Everything King: Salem’s Lot

So, I love vampire stories. Dracula, Anne Rice, Lost Boys, Fright Night, Blade, the Buffy-verse, even Twilight (though it gets a little rough when I start thinking about the relationship dynamics going on there). So many others. Serious and silly, I enjoy them.

Salem’s Lot is quintessential vampire. They can’t go out during the day. Holy water and crosses hurt them if the wielder believes in them. They can’t enter a home without permission and hypnotize their victims to get inside. They can mist through things and their reflections are not solid if present at all. A stake to the heart is the preferred method to kill them.

When people break these vampire “rules”, the story is harder to enjoy. I just think the author is trying to fix holes in their plot. Twilight is the worst of the rule breakers. Blade also breaks the rule but has a much better plot line explaining why Blade can go out in the daylight.

Salem’s Lot is a small town in Maine. Writer Ben Mears has returned to the Lot to work on a book about the town’s most notorious murder/suicide and the home it happened in, Marsten House. He planned to rent the house and write his book there, but he learned the home had been purchased. The new owners seemed to be moving in around the time Ben arrived in town.

A small boy disappears one night in the woods and his older brother is stricken with illness and can’t remember what happened to them.  Eventually the older brother dies. Others come down with a similar illness and die as well.

Ben and his group of friends suspect the new owners of Marsten House are vampires and come up with a plan to confront them. One-by-one, Ben’s friends are picked off until it is just him and a boy from town. They manage to kill the head vampire and then flee town.

My biggest complaint about this book is how fast Ben and his friends decide a vampire is running around, almost like it was an everyday problem. Sure, they get concrete confirmation soon enough, but the initial jump to that conclusion was too soon.
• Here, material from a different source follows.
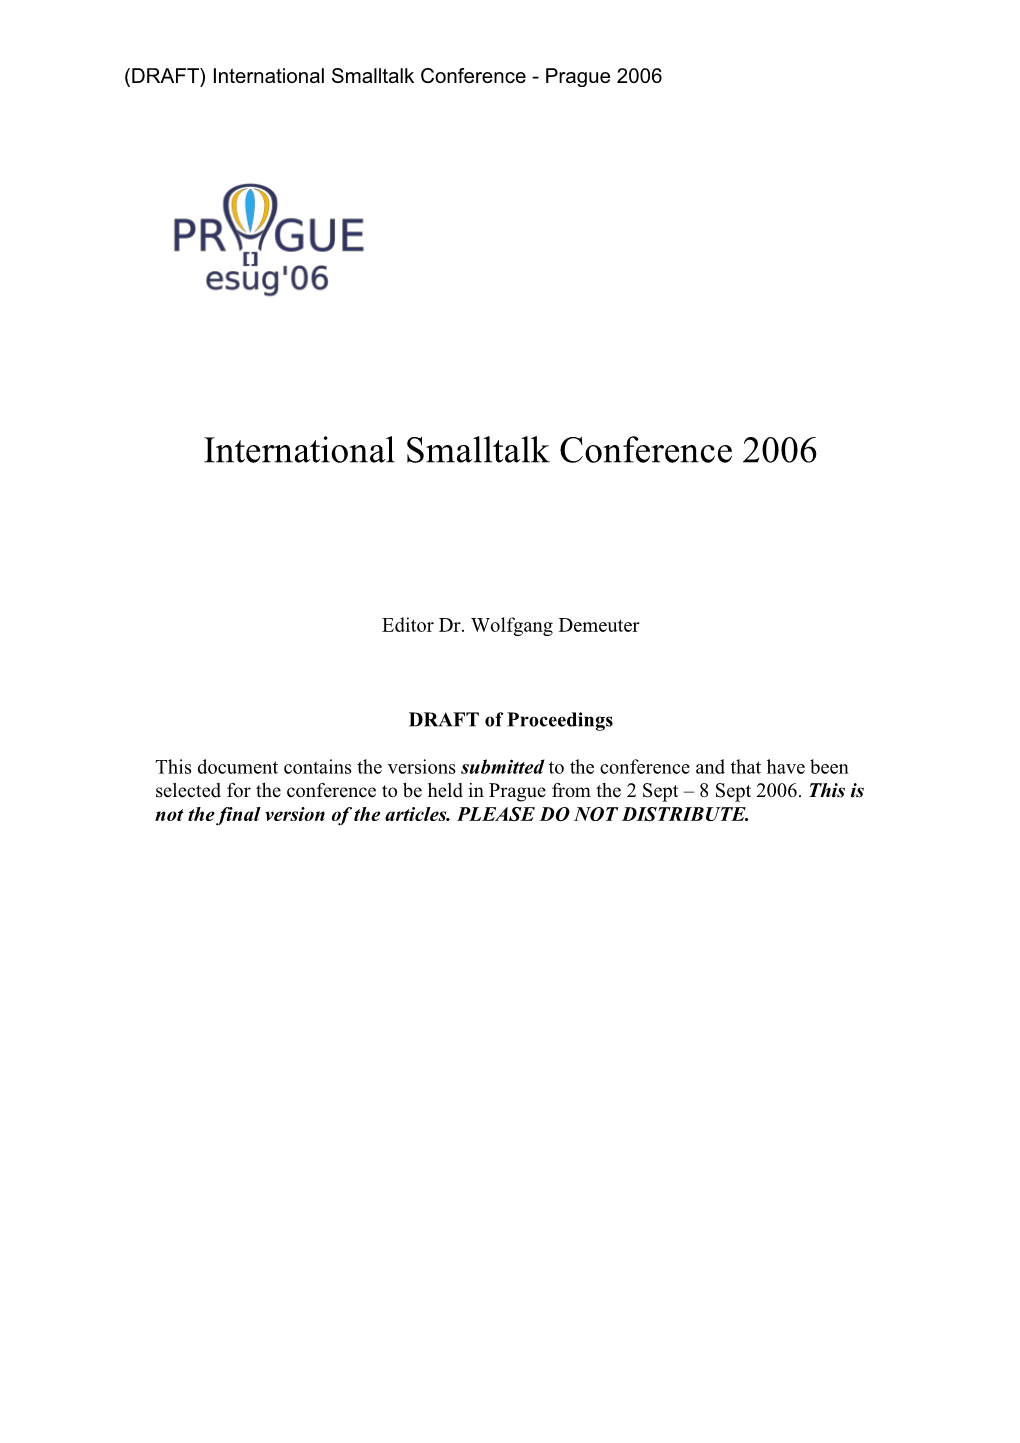 International Smalltalk Conference 2006

Otherwise, I think this is a great book. The character development is spot on, which I expect from Stephen King. He can give a random, short-lived character life in a way that few other authors manage.

Next up, I’m reading Rage by Richard Bachman (aka Stephen King). King made the pseudonym because back in the 1970s, a writer couldn’t publish more than one book per year (source: https://en.wikipedia.org/wiki/Richard_Bachman). King is known for being prolific to the extent that I’ve heard some people say he has a team of writers working for him to churn out his books. Seems unlikely to me, but you never know for sure. Either way, I don’t really care. I still enjoy his books.

I found there was a hurdle to reading everything King, out-of-print. Rage is the first book I’ve come to in King’s list that is OOP. There was a collection of the Bachman books (image above), but that is also OOP. I found an old used copy for sale online finally so I’ll be able to keep reading everything in order.